# T2i vs T3i with extras for intimate/portrait shoot



## JMASTERJ (Aug 10, 2012)

Hey guys... I am continuing my previous discussion here with this since this just came up!


(Reminder, I am doing product shots of intimate and casual wear, like Victoria Secret stuff indoors with medium light and max shoot distance of 7-8 ft.. no print, no wow photos, just need avg web shop photos for now, and I love the external mic/awesome video features, which I will need, + unreal LCD display as the T2i) 


I was gonna get the T2i body per my last post for $430 + about a $100+ lens, $550 total or so.... BUT a deal came up for the T3i:


For $60 more, I would get (this new deal = $610):


- T2i to T3i "upgrade"
- 18-55mm IS II Lens+ (is this glass ok for me? THIS is the biggest question) (~$120)


So basically comes out to a "free upgrade," unless the glass sucks for me... The remote flash would be useful if I need to add a strobe or two, and the flip out screen is just nice for video and off angle shooting, etc... too bad they couldnt increase the continuous shooting speed, oh well.

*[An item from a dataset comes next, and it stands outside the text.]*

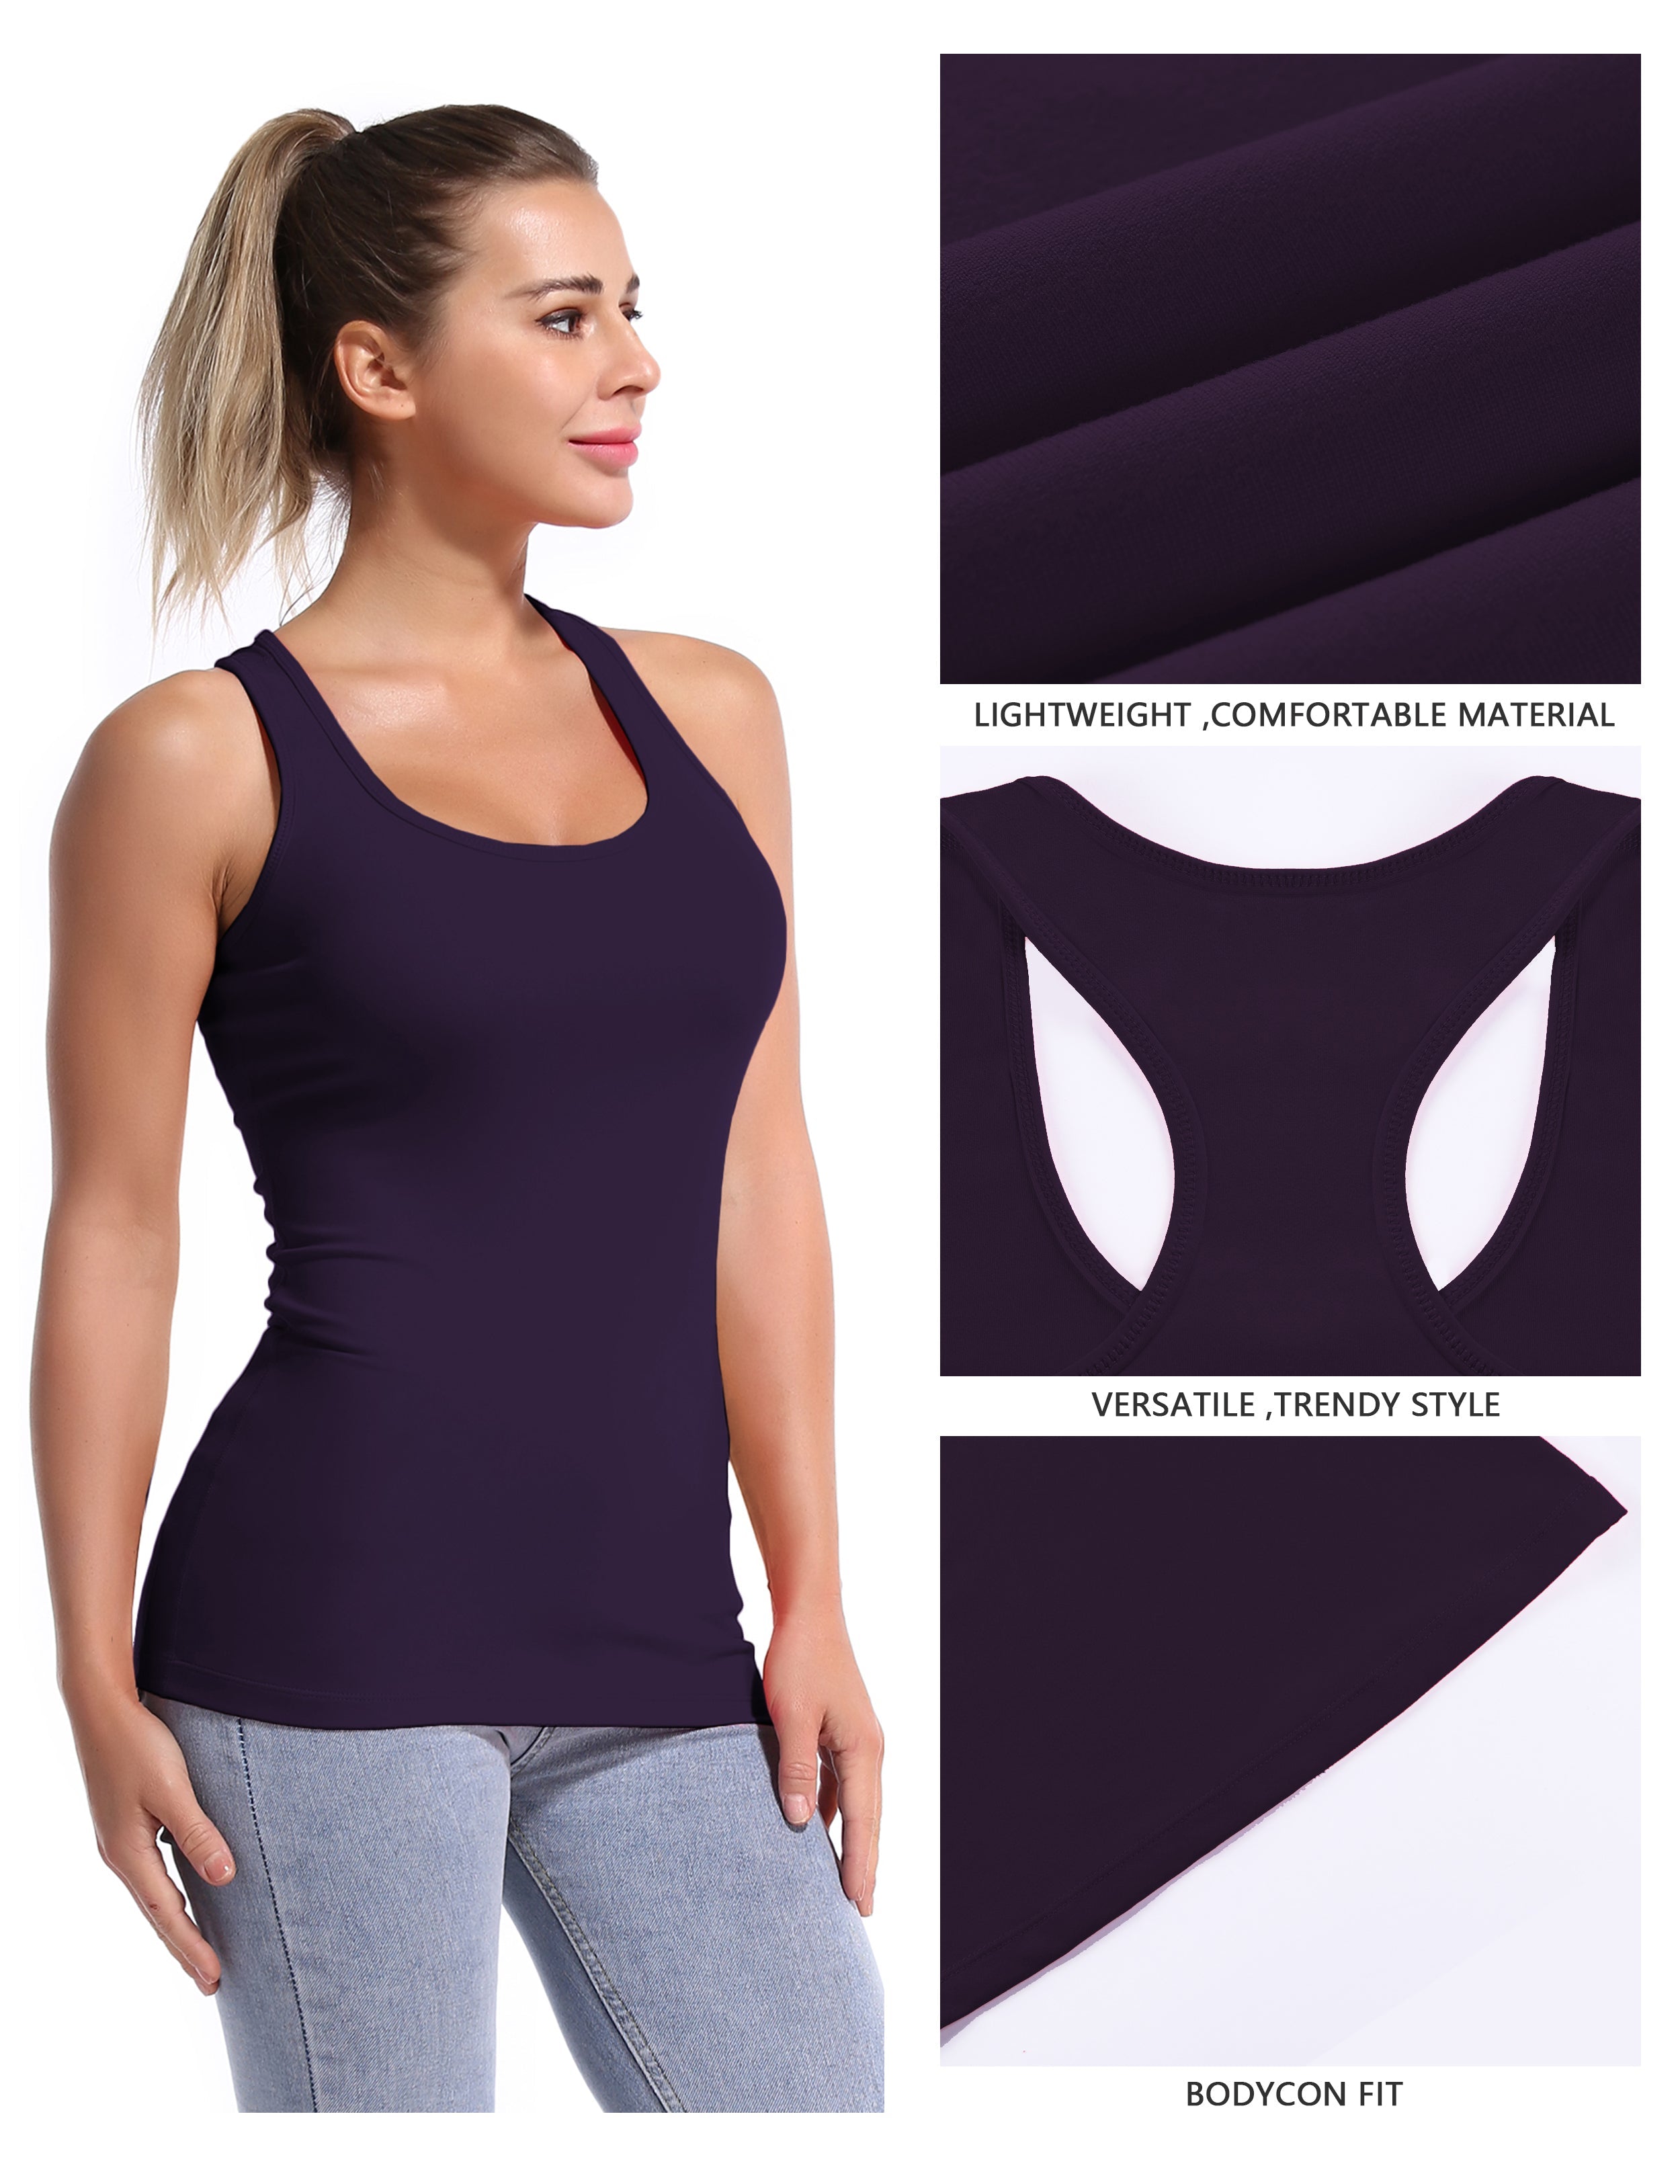 Racerback Athletic Tank Tops midnightblue 92%Nylon/8%Spandex(Cotton Soft) Designed for Gym Tight Fit So buttery soft, it feels weightless Sweat-wicking Four-way stretch Breathable Contours your body Sits below the waistband for moderate, everyday coverage

Now the advantages of the Canon T2i, not real deal breakers but...
Much less startup delay 400 ms vs 1500 ms 
Smaller 129x98x62 mm vs 133x99x79 mm 
Thinner 2.4" vs 3.1" 
Lighter 530 g vs 570 g 
Slightly better image quality 66.0 vs 65.0 
Less shutter lag 252 ms vs 283 ms 
Slightly larger viewfinder 0.54x vs 0.53x
So the verdict is..............?
(I am assuming u guys will say the included lens in the T3i will be the make or break point... I just have no idea because I dont need a great lens right now, something that will get the job done, better than my P&S)


Thanks as always!


----------



## tirediron (Aug 10, 2012)

For your stated purpose, I would say that either will do just fine.  For $60, I would definitely go with the newer technology.


----------



## pixmedic (Aug 10, 2012)

tirediron said:


> For your stated purpose, I would say that either will do just fine.  For $60, I would definitely go with the newer technology.



^^^absolutely. for such a small amount extra, go with the newer T3i.


----------



## JMASTERJ (Aug 10, 2012)

tirediron said:


> For your stated purpose, I would say that either will do just fine.  For $60, I would definitely go with the newer technology.





pixmedic said:


> tirediron said:
> 
> 
> > For your stated purpose, I would say that either will do just fine.  For $60, I would definitely go with the newer technology.
> ...



Ya I think I'd like the T3i better too, was just worried about wasting the glass that came with it for me... so u saying the 18-55mm IS II Lens+ would at least do an average job for my purposes?  Some say that lens may be too slow for my indoor shots... but this aint exactly for the cover of Vogue so.... just the web.


----------



## Derrel (Aug 10, 2012)

Please make or buy yourself the SINGLE BEST accessory you can GET: a BIG white fabric reflector that is at least the size of a standard household door. Make one out of PVC framing, and buy a fabric, or make one. Look up "diffusion panel", or "scrim lighting", and see what I mean. This is my #1 tip.


----------



## Heitz (Aug 10, 2012)

1500 ms start-up time?  That seems kinda long.


----------



## JMASTERJ (Aug 12, 2012)

Derrel said:


> Please make or buy yourself the SINGLE BEST accessory you can GET: a BIG white fabric reflector that is at least the size of a standard household door. Make one out of PVC framing, and buy a fabric, or make one. Look up "diffusion panel", or "scrim lighting", and see what I mean. This is my #1 tip.



I have already ordered 2 of these reflectors... I hope they'll do for now.


----------